6. How would the company respond to a law-enforcement request? Transparency reports tell you whether they've thought about it.

If a service can't answer these plainly, that's information too.

The bottom line

Cloud services aren't the enemy, and uploading isn't always wrong. But health and genetic data is permanent, revealing, and shared with the people you're related to — so the default should lean toward keeping it close. When a tool can do the same job on your device, that's almost always the safer choice, because the strongest privacy guarantee is the one that doesn't depend on anyone keeping a promise. Your genome is yours for life. Treat where it lives like the lasting decision it is.

Frequently asked questions

Is it safe to upload your DNA to a website for analysis?

It can be, but it is a one-way decision. Once your genome is on someone else's server it is subject to their security, their policies, and whatever happens to the company later. On-device analysis avoids that risk entirely because the file never leaves your phone.

What does on-device DNA analysis mean?

It means your raw data file is read and interpreted locally on your own phone or computer, rather than being sent to a remote server. The analysis happens in the app, so the genetic data stays with you.

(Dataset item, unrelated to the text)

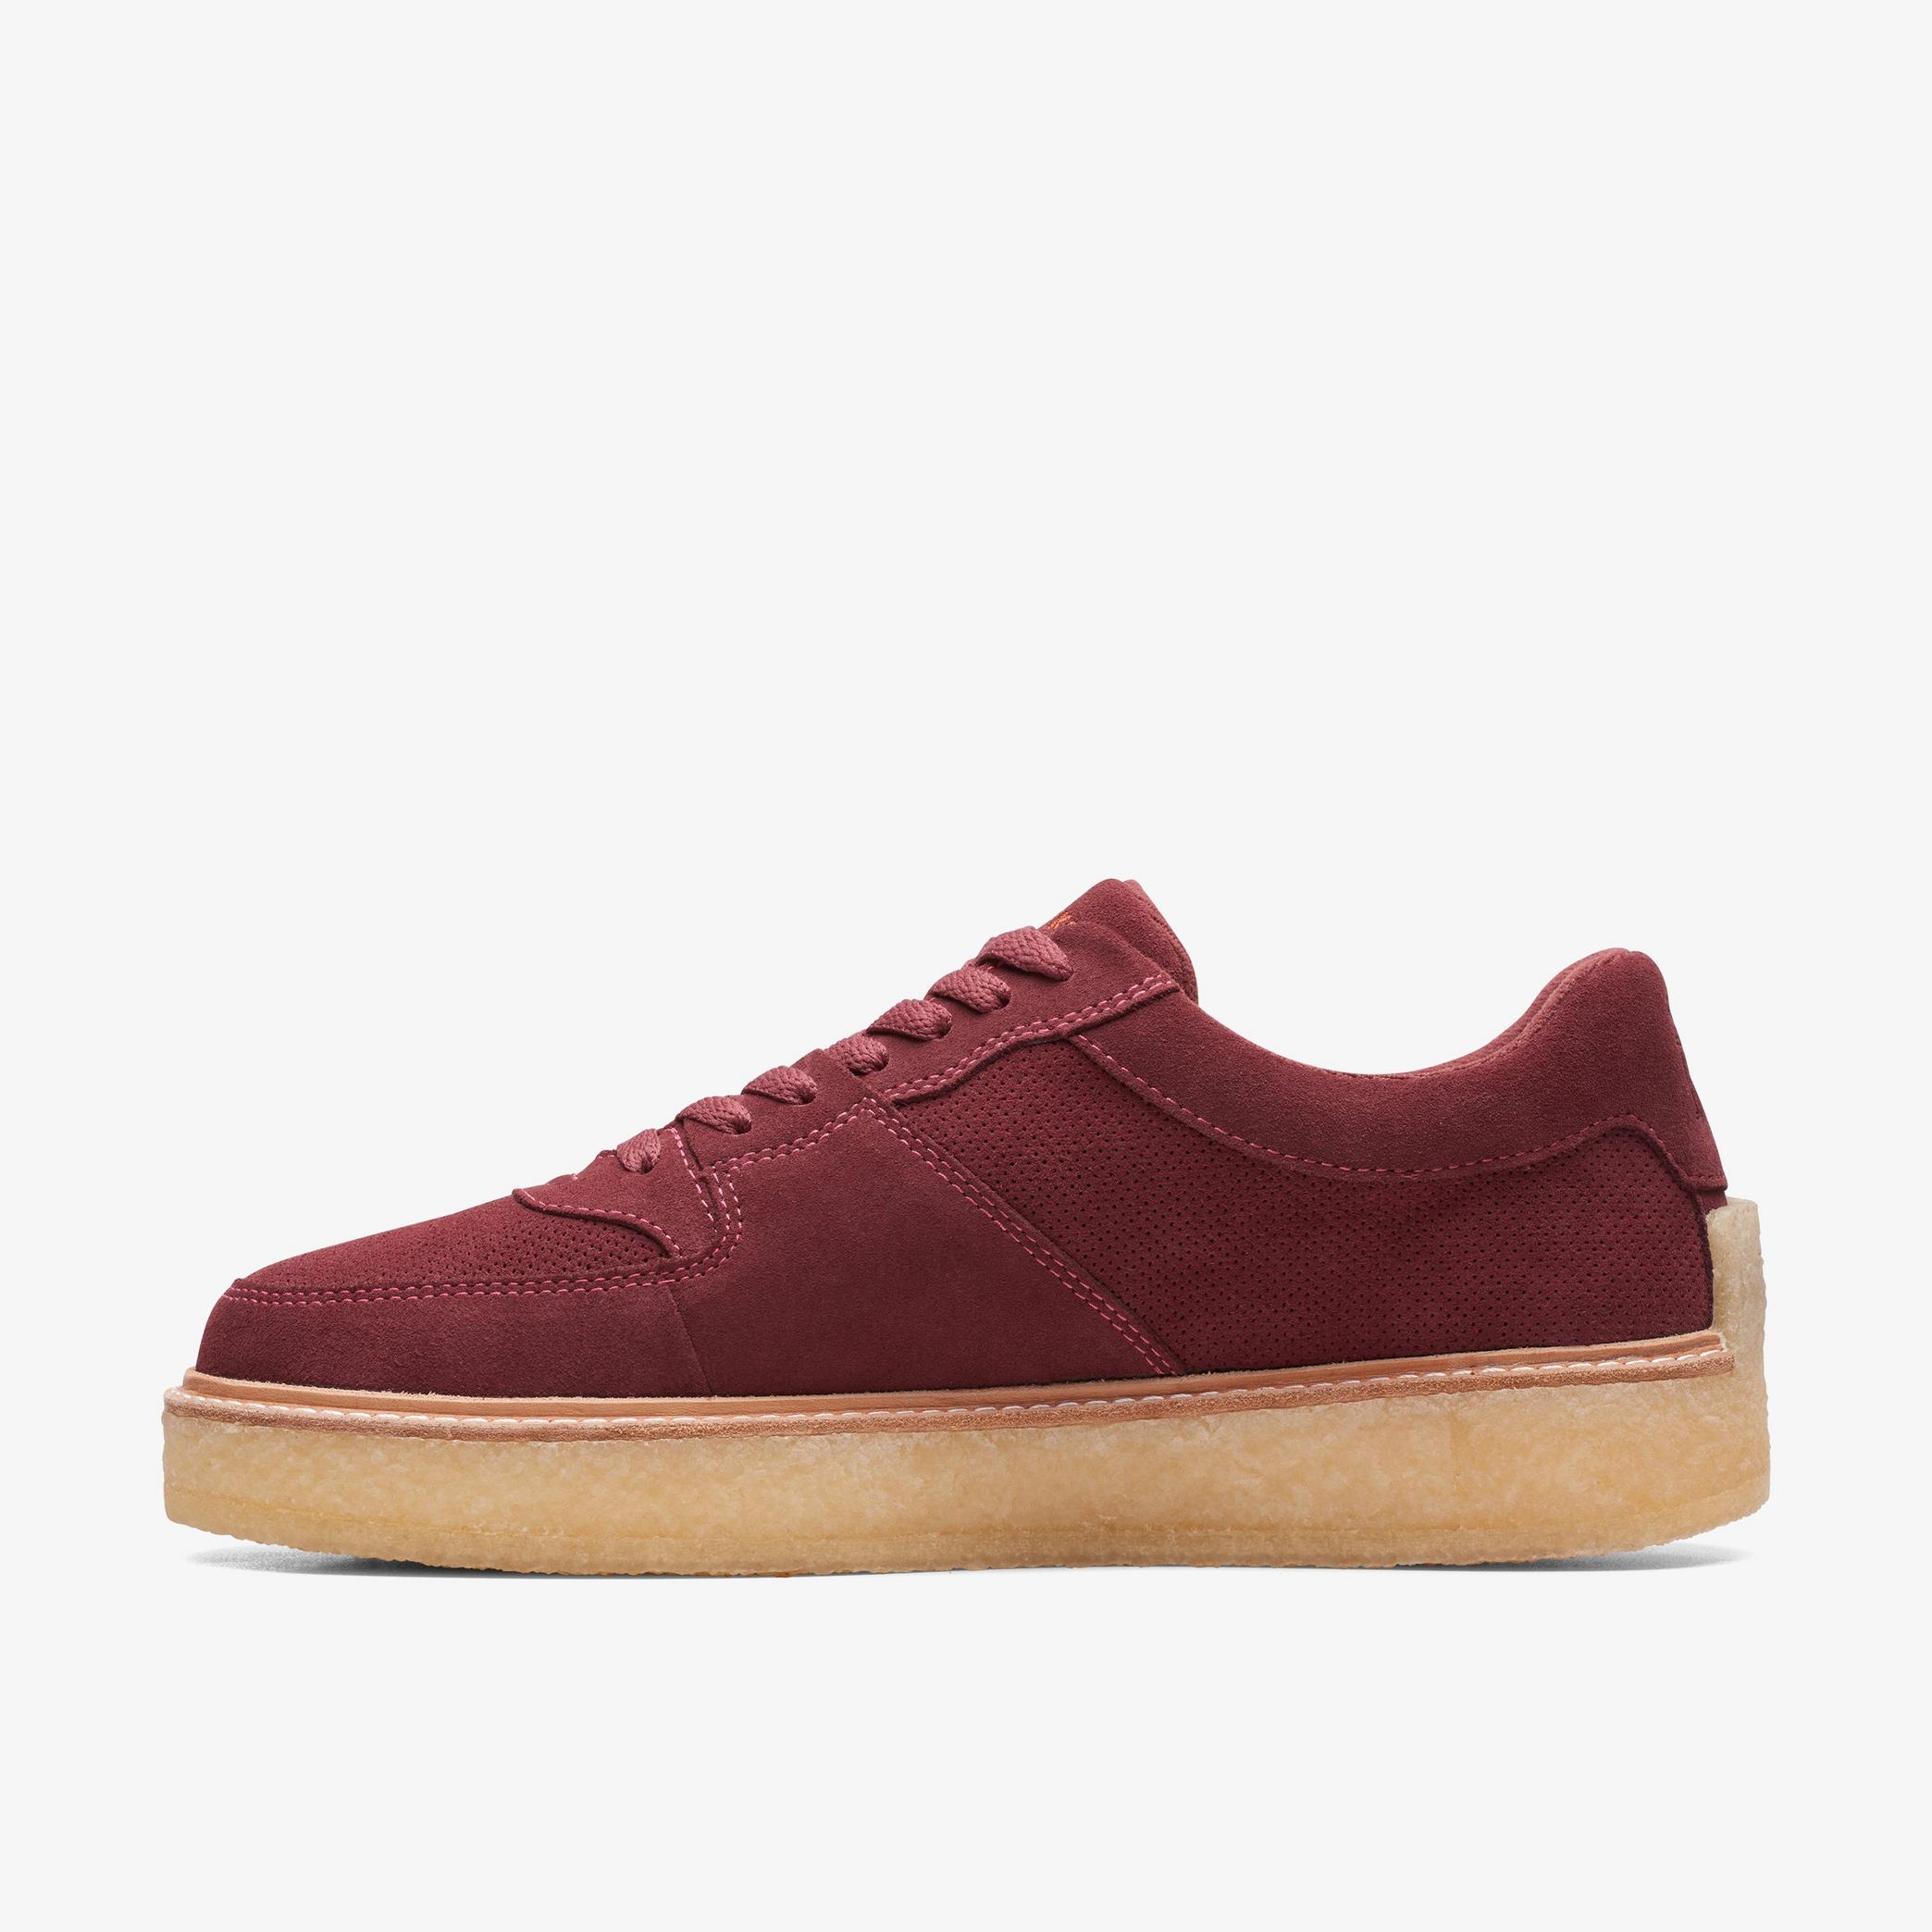 Sandford Oxblood Trainers, view 2 of 7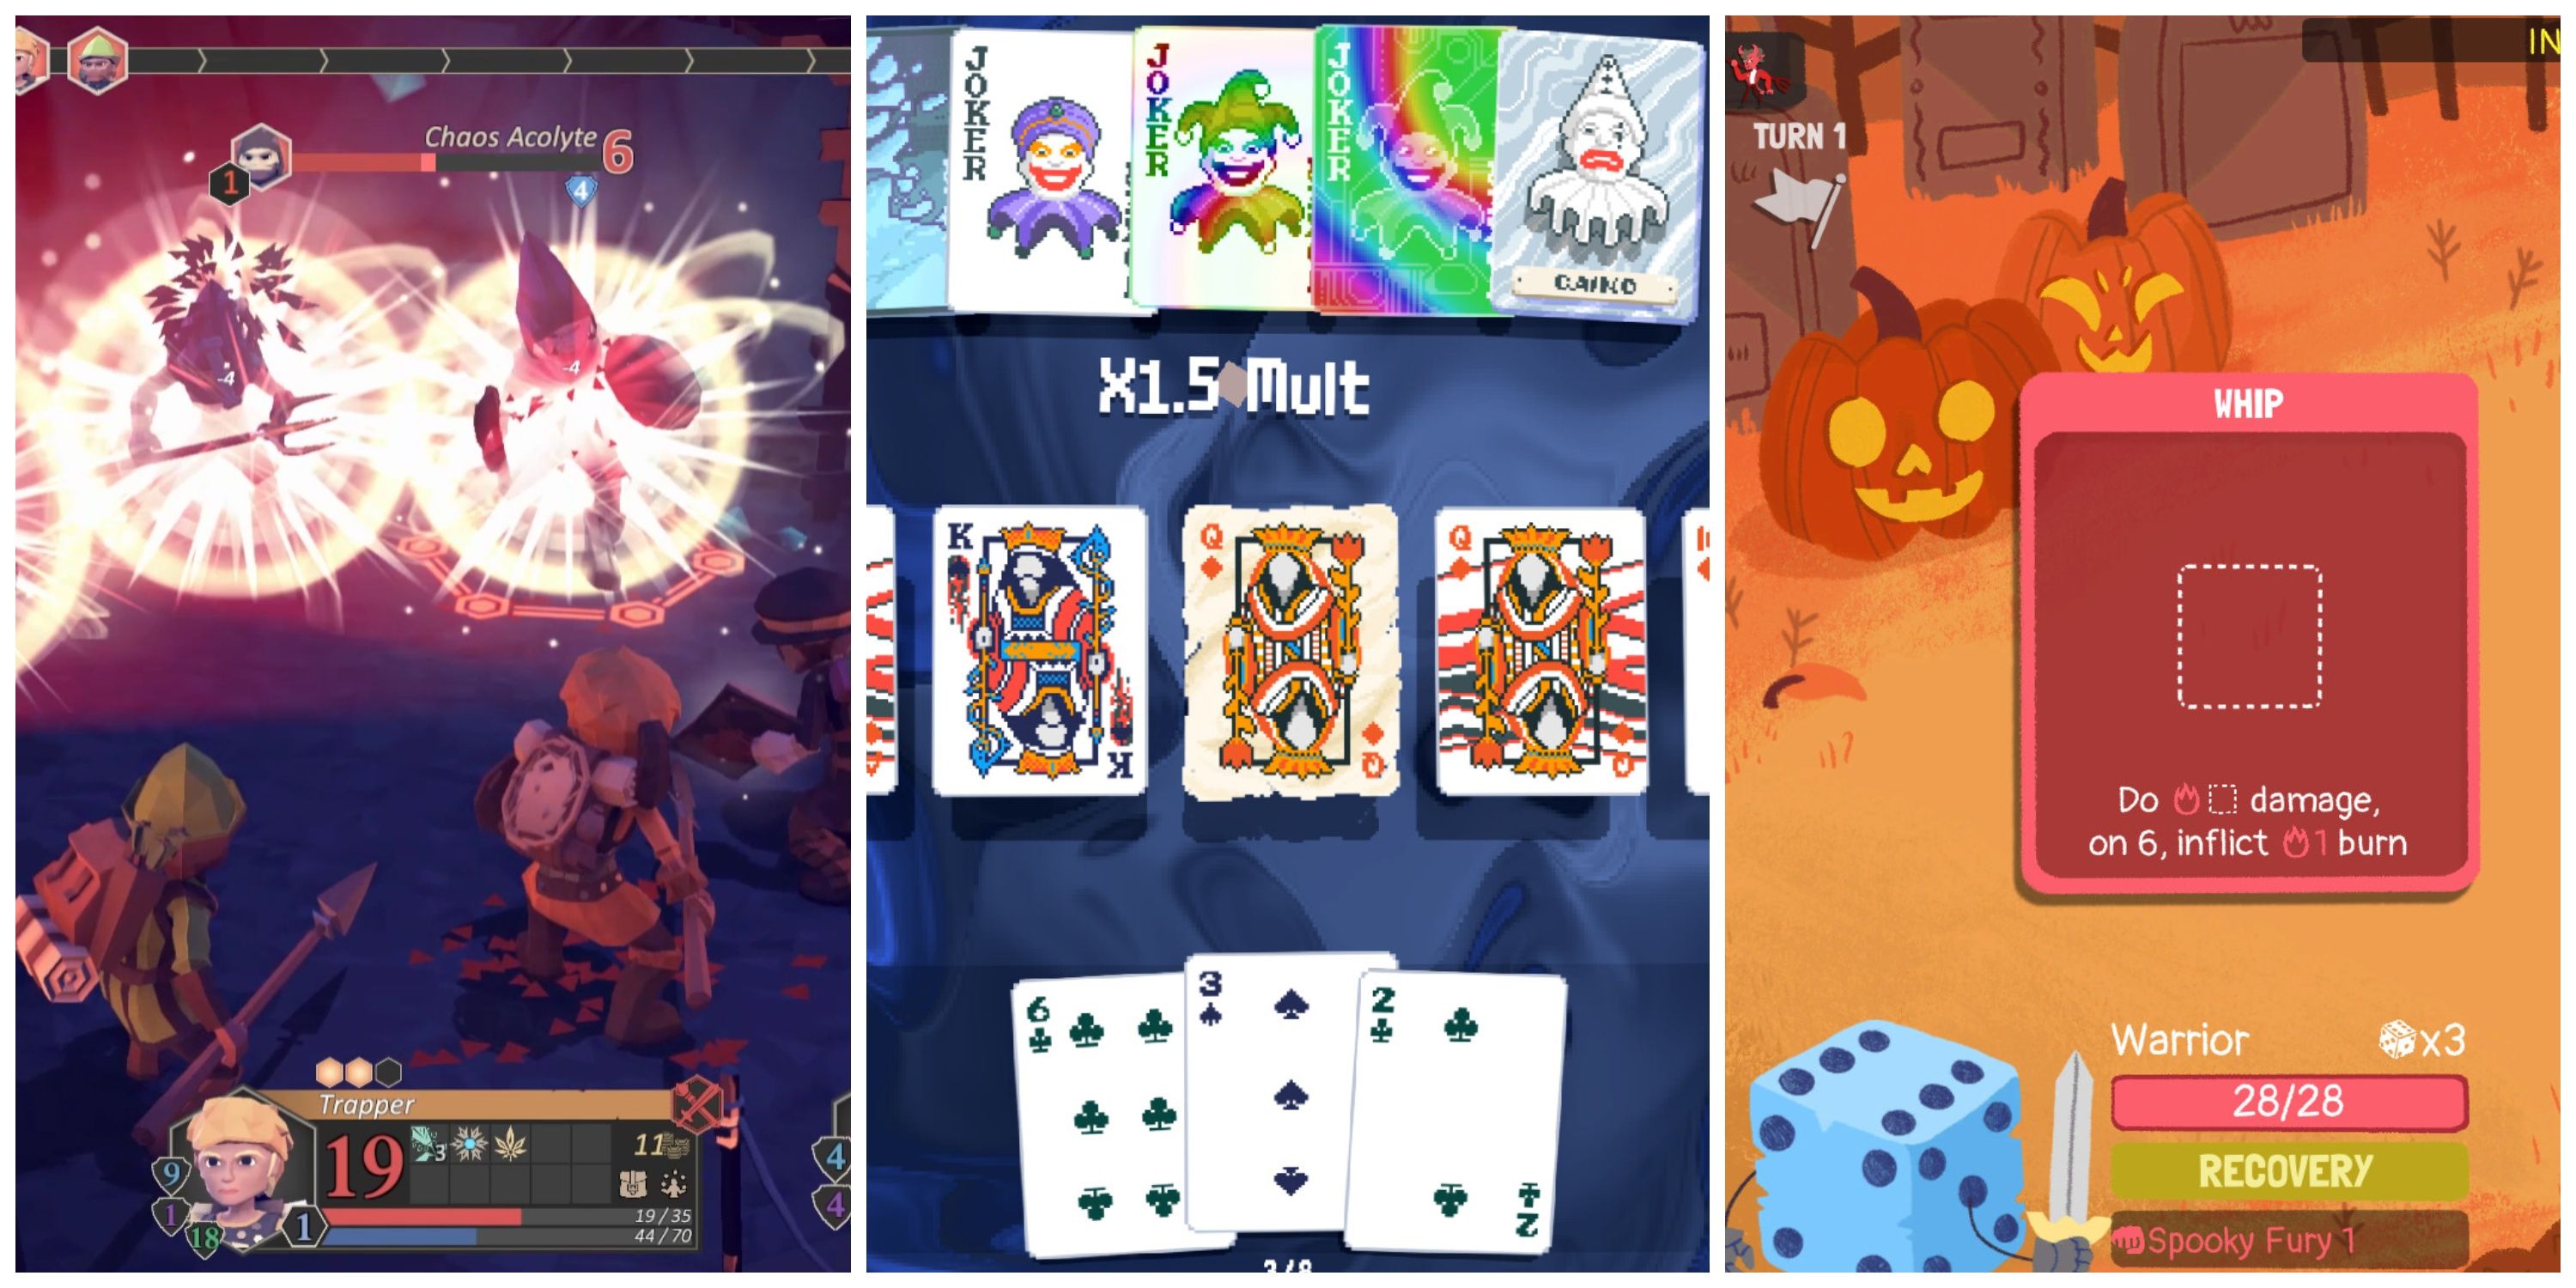 Strategy Games That Use Randomness Well (Featured Image) - For The King + Balatro + Dicey Dungeons

Why is genetic data considered more sensitive than other personal data?

You can change a password or cancel a credit card, but you cannot change your genome. Genetic data also reveals information about your blood relatives, who never consented to share it. That permanence is why uploading it deserves extra caution.

What happens to my DNA data if a genetics company is sold or goes bankrupt?

Customer data is often treated as a business asset that can transfer to a new owner. When 23andMe entered bankruptcy in 2025, its database of customer genetic information became part of the proceedings, which is why keeping your own copy and limiting uploads matters.